🤖 AI Summary
Transformer-based time series models face a trade-off between computational efficiency and information fidelity under fixed chunking strategies. This work proposes a content-aware dynamic chunking mechanism that adaptively adjusts chunk boundaries based on local signal complexity, enabling fine-grained representation in information-dense regions and coarse-grained aggregation in smooth segments. The approach integrates a lightweight state-space encoder with a dynamic chunking algorithm to deliver compressed yet informative temporal inputs to the Transformer. During large-scale pretraining, the model achieves up to 20× faster convergence and 8× improved data efficiency compared to baseline methods, while setting new state-of-the-art results on long-horizon forecasting benchmarks.
📝 Abstract
Transformer-based time series foundation models face a fundamental trade-off in choice of tokenization: point-wise embeddings preserve temporal fidelity but scale poorly with sequence length, whereas fixed-length patching improves efficiency by imposing uniform boundaries that may disrupt natural transitions and blur informative local dynamics. In order to address these limitations, we introduce TimeSqueeze, a dynamic patching mechanism that adaptively selects patch boundaries within each sequence based on local signal complexity.

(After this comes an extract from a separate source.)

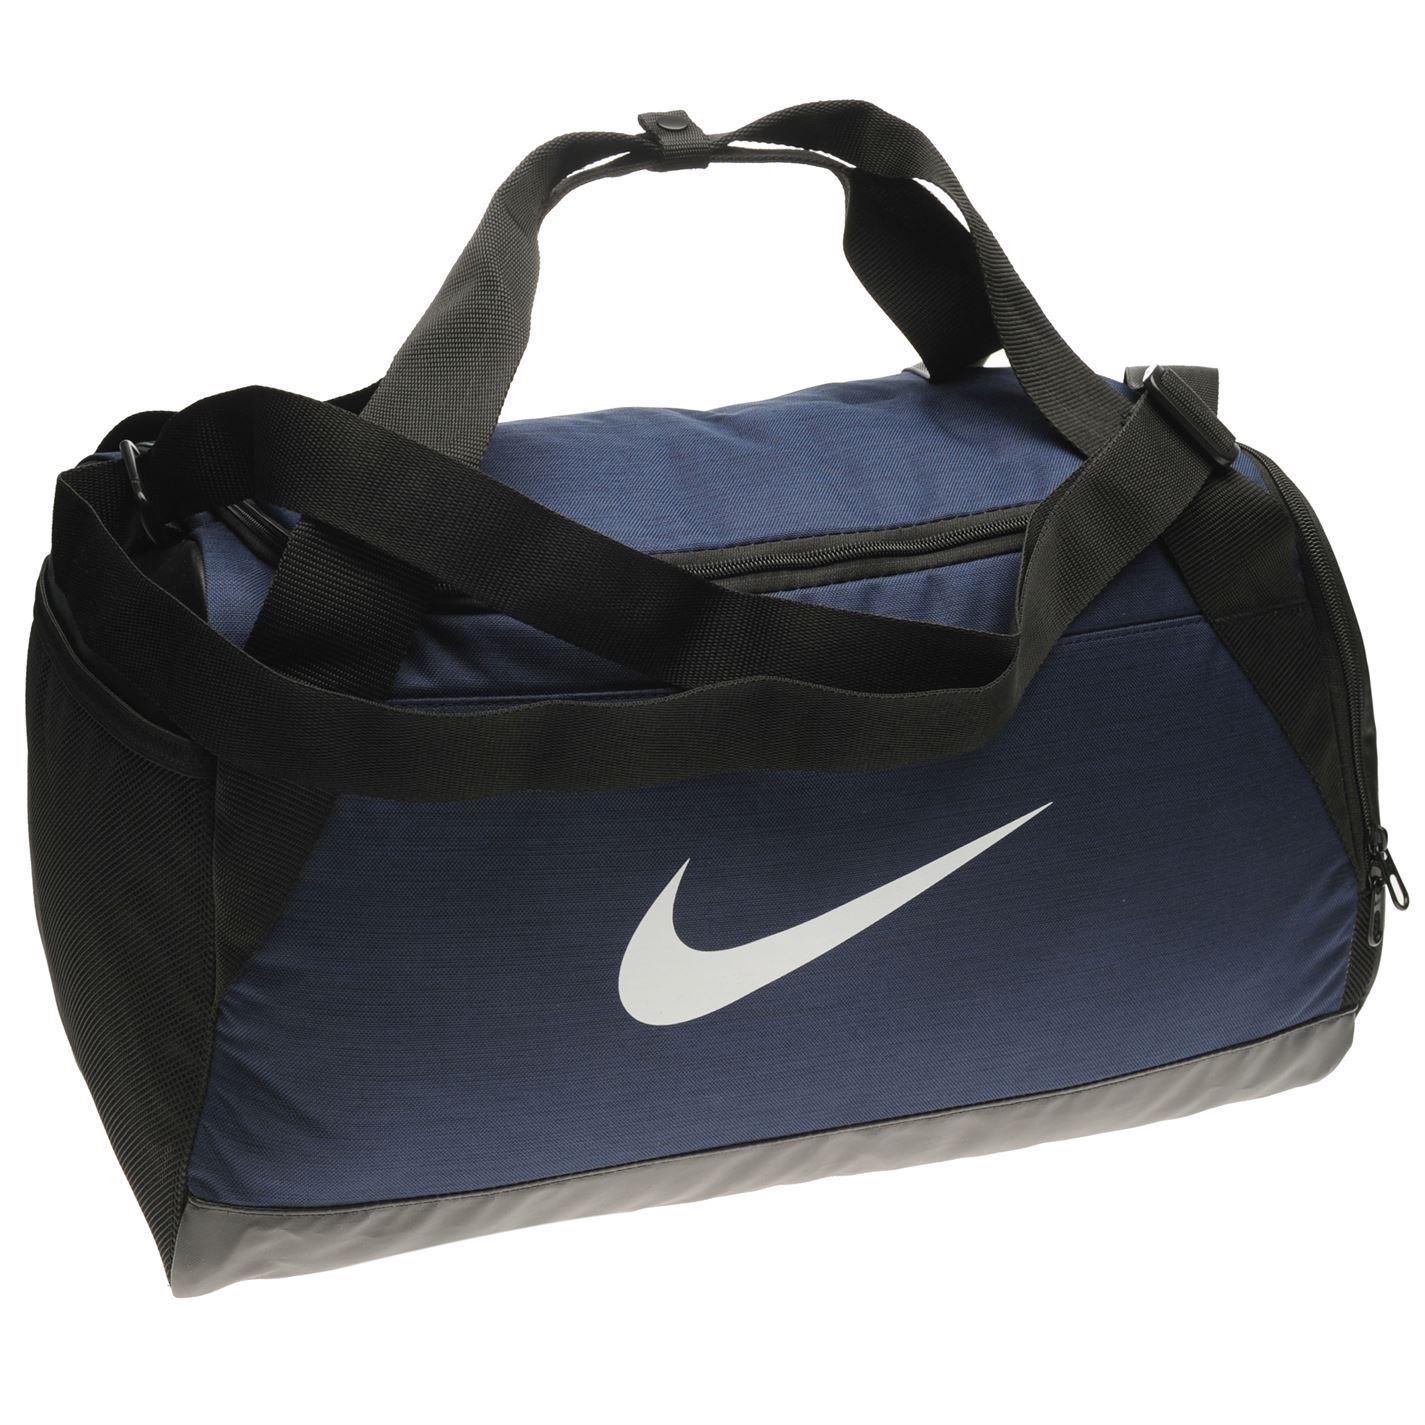 34435c781c Nike Brasilia X Small Duffle Bag

TimeSqueeze first applies a lightweight state-space encoder to extract full-resolution point-wise features, then performs content-aware segmentation by allocating short patches to information-dense regions and long patches to smooth or redundant segments. This variable-resolution compression preserves critical temporal structure while substantially reducing the token sequence presented to the Transformer backbone. Specifically for large-scale pretraining, TimeSqueeze attains up to 20x faster convergence and 8x higher data efficiency compared to equivalent point-token baselines. Experiments across long-horizon forecasting benchmarks show that TimeSqueeze consistently outperforms comparable architectures that use either point-wise tokenization or fixed-size patching.